● Required work: Each line from the one containing "Chocolate British Shorthair" to the end of the listing below should be repeated exactly, with no other line included.

● Given records:
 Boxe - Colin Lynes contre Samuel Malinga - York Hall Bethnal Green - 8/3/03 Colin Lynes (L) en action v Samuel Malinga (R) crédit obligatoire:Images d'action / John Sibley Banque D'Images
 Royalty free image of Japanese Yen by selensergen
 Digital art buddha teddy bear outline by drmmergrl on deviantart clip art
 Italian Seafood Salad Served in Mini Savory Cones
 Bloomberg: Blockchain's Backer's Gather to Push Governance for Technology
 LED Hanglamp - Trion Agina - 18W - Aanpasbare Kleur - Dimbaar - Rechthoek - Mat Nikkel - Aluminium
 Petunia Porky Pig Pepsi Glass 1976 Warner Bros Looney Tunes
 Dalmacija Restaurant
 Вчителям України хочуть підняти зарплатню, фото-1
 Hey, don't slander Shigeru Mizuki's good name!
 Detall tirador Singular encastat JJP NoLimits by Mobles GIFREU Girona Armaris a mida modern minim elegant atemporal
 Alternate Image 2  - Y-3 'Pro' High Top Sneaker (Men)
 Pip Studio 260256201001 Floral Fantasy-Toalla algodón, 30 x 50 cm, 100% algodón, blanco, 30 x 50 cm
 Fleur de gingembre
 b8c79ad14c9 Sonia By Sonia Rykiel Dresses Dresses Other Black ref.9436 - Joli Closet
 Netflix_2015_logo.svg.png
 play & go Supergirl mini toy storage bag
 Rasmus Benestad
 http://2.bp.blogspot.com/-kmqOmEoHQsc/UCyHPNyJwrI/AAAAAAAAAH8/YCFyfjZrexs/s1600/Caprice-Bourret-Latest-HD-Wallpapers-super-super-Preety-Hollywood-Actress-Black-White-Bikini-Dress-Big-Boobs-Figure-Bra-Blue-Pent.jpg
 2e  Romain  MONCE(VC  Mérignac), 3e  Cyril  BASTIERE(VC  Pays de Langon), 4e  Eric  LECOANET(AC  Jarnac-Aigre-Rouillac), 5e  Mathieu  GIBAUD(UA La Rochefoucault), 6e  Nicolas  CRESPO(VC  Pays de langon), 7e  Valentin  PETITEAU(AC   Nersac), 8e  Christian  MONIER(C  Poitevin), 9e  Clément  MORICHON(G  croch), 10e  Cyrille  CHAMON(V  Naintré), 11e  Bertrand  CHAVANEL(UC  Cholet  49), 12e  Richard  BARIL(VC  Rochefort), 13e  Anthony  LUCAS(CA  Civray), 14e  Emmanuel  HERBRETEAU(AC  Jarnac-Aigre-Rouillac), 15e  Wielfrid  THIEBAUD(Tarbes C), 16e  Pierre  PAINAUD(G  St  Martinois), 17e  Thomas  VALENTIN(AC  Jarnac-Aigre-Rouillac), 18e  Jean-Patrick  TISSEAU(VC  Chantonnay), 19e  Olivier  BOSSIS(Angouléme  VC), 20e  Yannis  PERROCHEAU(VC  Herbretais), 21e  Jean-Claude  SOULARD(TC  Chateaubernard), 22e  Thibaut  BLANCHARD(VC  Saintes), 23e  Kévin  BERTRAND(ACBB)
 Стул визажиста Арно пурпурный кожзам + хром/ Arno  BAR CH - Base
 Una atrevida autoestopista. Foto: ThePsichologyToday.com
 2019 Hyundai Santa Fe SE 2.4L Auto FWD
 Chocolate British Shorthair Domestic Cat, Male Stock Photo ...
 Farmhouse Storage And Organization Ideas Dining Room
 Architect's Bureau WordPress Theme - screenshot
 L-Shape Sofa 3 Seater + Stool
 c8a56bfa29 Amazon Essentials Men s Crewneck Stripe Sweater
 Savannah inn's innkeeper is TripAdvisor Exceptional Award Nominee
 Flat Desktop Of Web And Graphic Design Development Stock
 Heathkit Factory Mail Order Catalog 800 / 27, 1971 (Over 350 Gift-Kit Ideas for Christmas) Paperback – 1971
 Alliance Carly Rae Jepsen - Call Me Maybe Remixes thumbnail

● Response for this exercise:
 Chocolate British Shorthair Domestic Cat, Male Stock Photo ...
 Farmhouse Storage And Organization Ideas Dining Room
 Architect's Bureau WordPress Theme - screenshot
 L-Shape Sofa 3 Seater + Stool
 c8a56bfa29 Amazon Essentials Men s Crewneck Stripe Sweater
 Savannah inn's innkeeper is TripAdvisor Exceptional Award Nominee
 Flat Desktop Of Web And Graphic Design Development Stock
 Heathkit Factory Mail Order Catalog 800 / 27, 1971 (Over 350 Gift-Kit Ideas for Christmas) Paperback – 1971
 Alliance Carly Rae Jepsen - Call Me Maybe Remixes thumbnail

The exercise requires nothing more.